• WHAT YOU WILL DO: The answer must be the full listing, word for word, with no pictures in it.

• INFORMATION SHOWN:
......

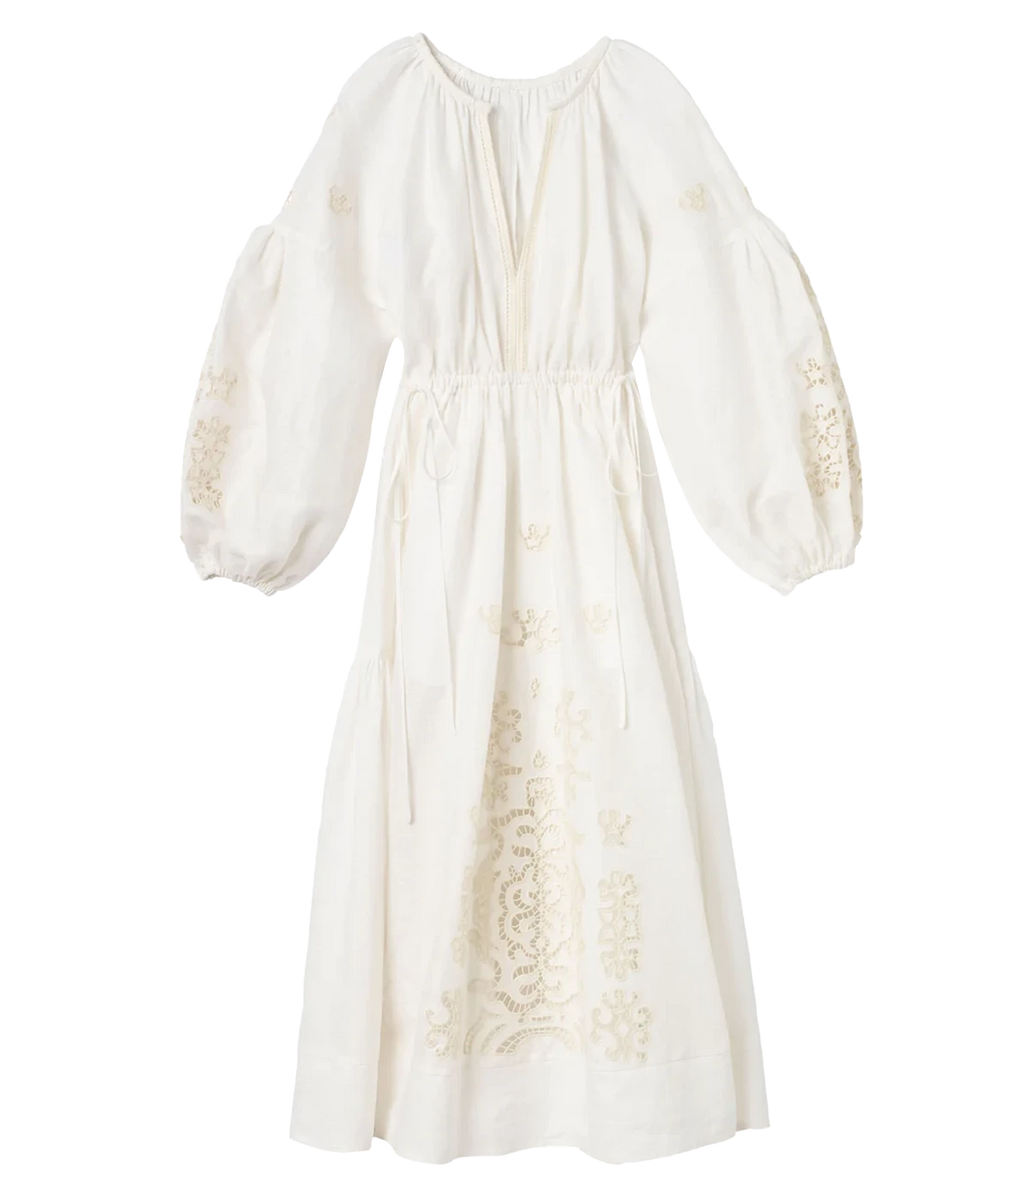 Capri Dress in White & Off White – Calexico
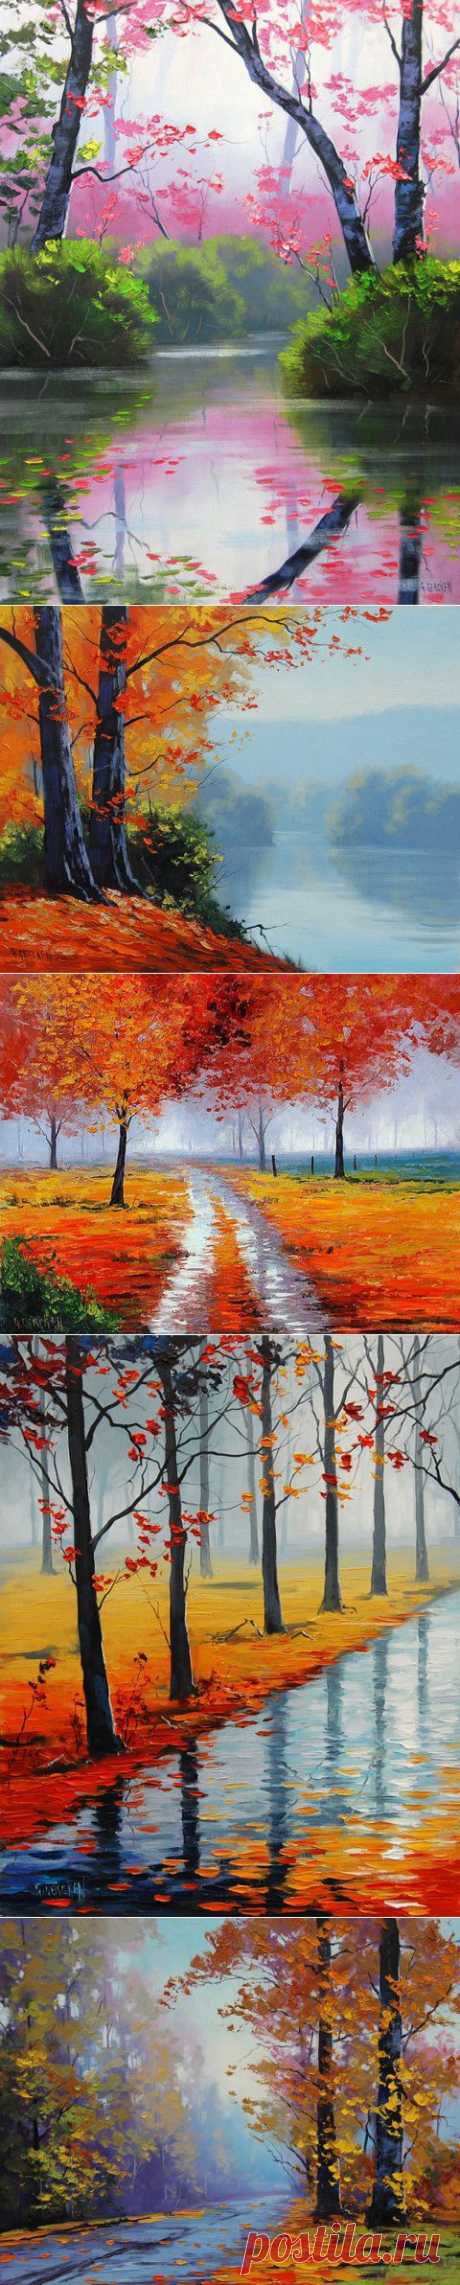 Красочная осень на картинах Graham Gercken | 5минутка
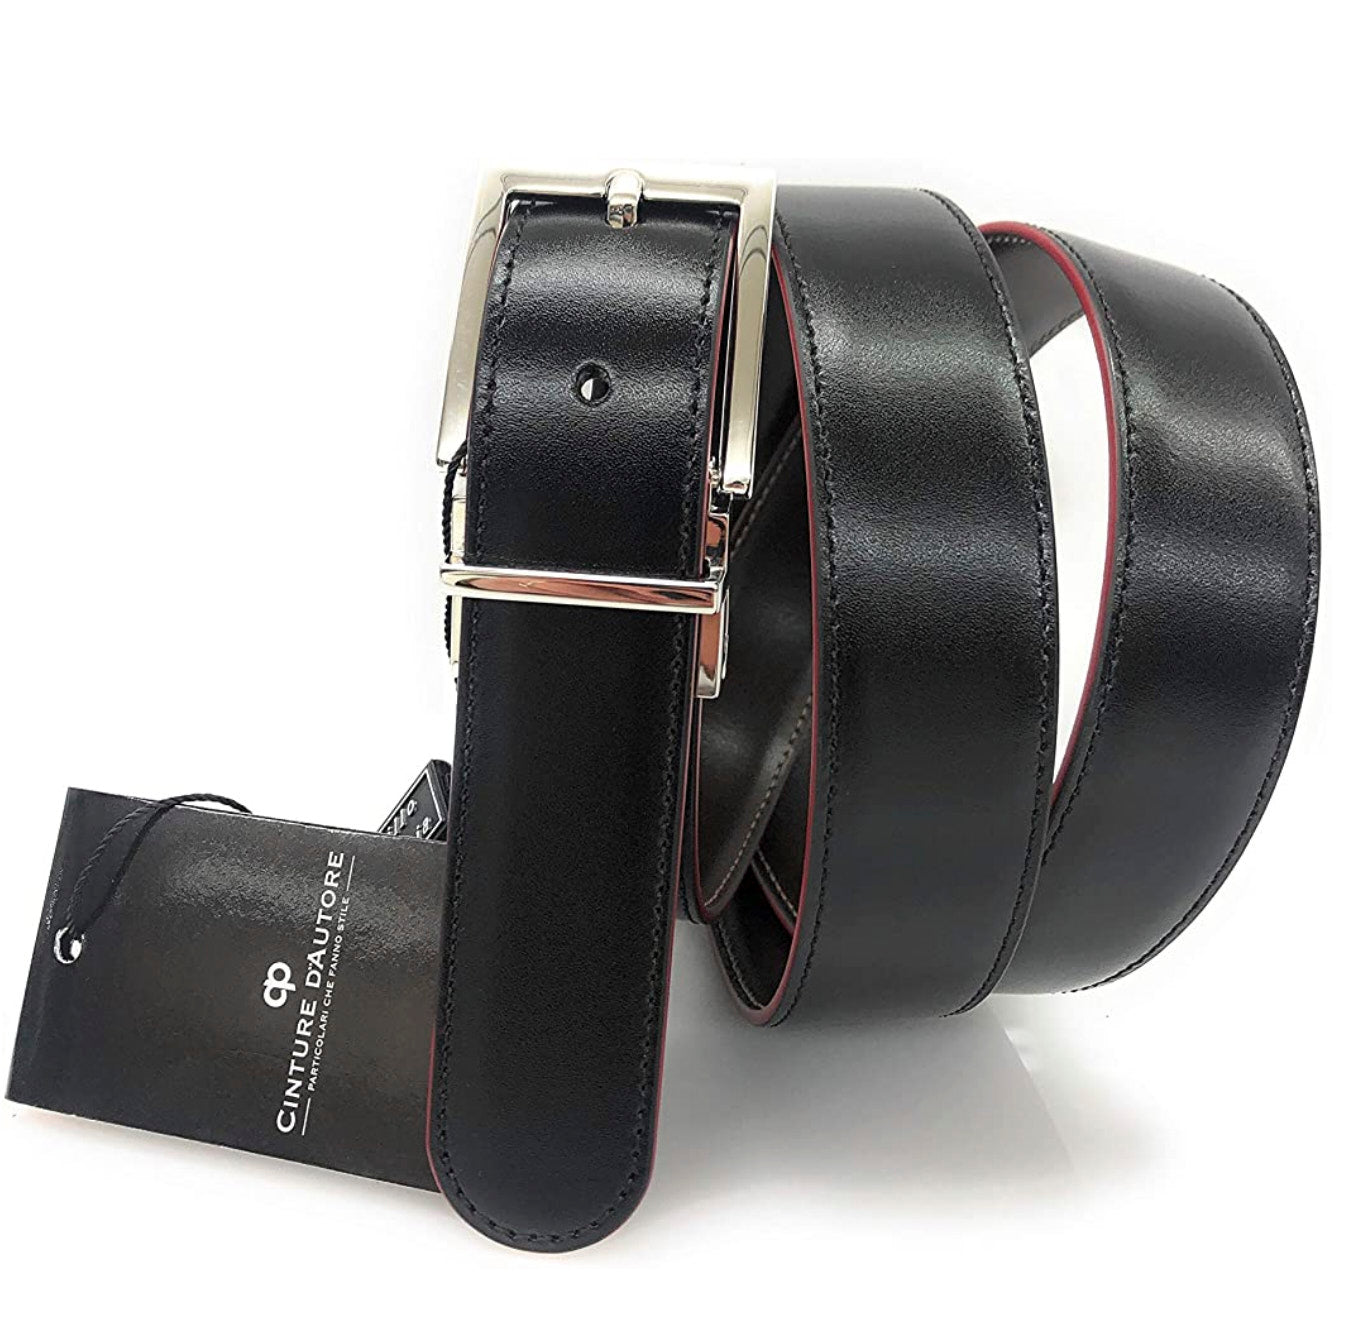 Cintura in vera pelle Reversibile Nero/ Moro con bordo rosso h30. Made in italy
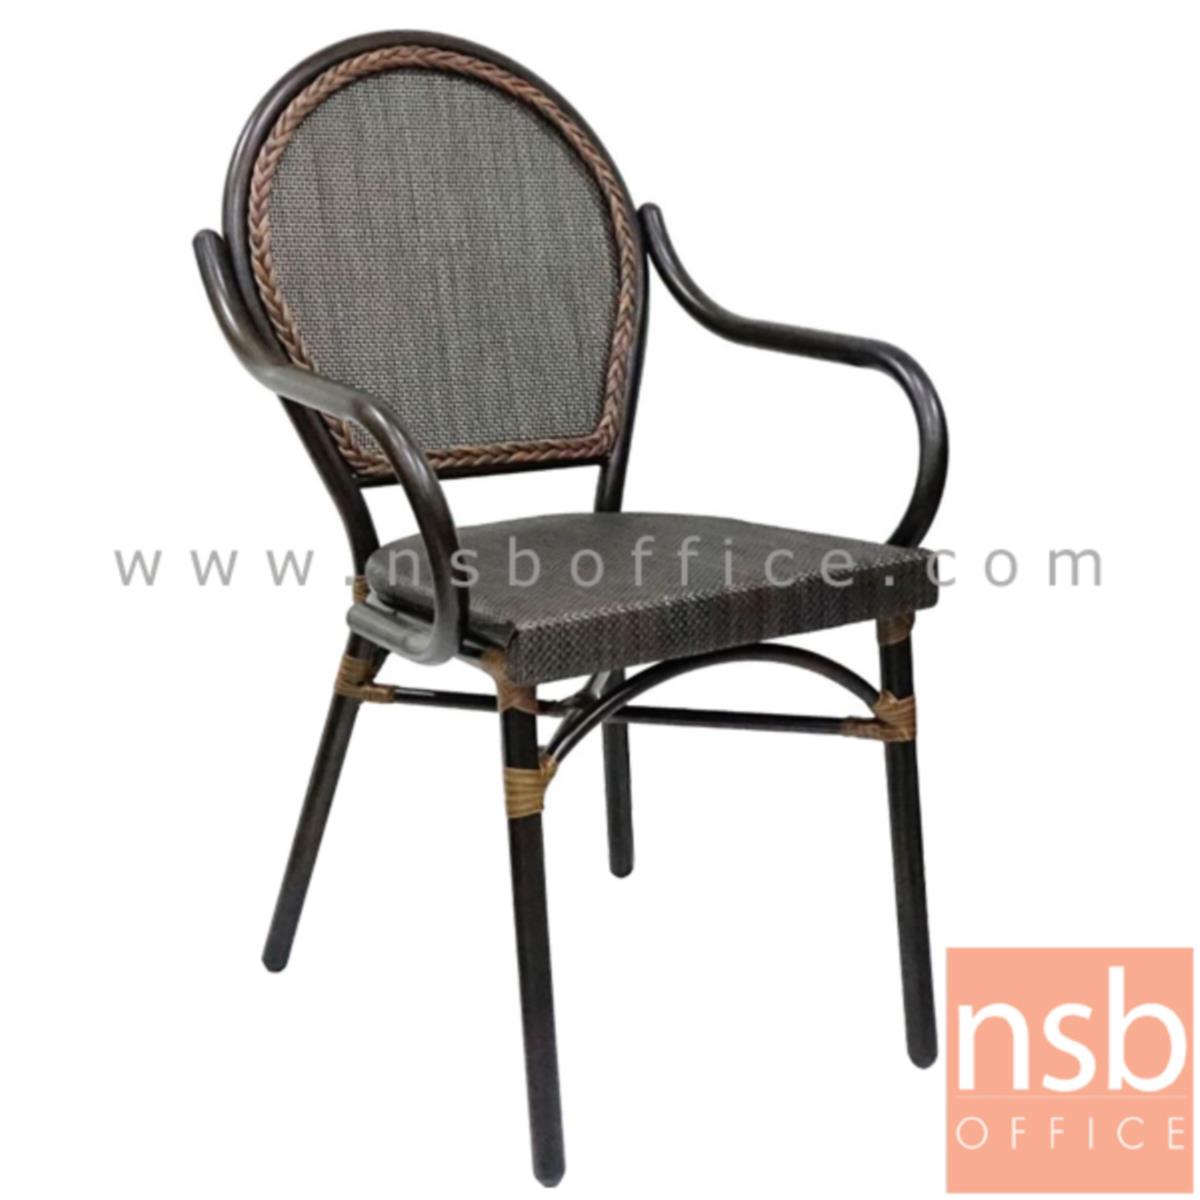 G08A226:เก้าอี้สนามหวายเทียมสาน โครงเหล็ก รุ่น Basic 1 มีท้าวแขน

......

• EXERCISE RESPONSE:
 Capri Dress in White & Off White – Calexico
 Красочная осень на картинах Graham Gercken | 5минутка
 Cintura in vera pelle Reversibile Nero/ Moro con bordo rosso h30. Made in italy
 G08A226:เก้าอี้สนามหวายเทียมสาน โครงเหล็ก รุ่น Basic 1 มีท้าวแขน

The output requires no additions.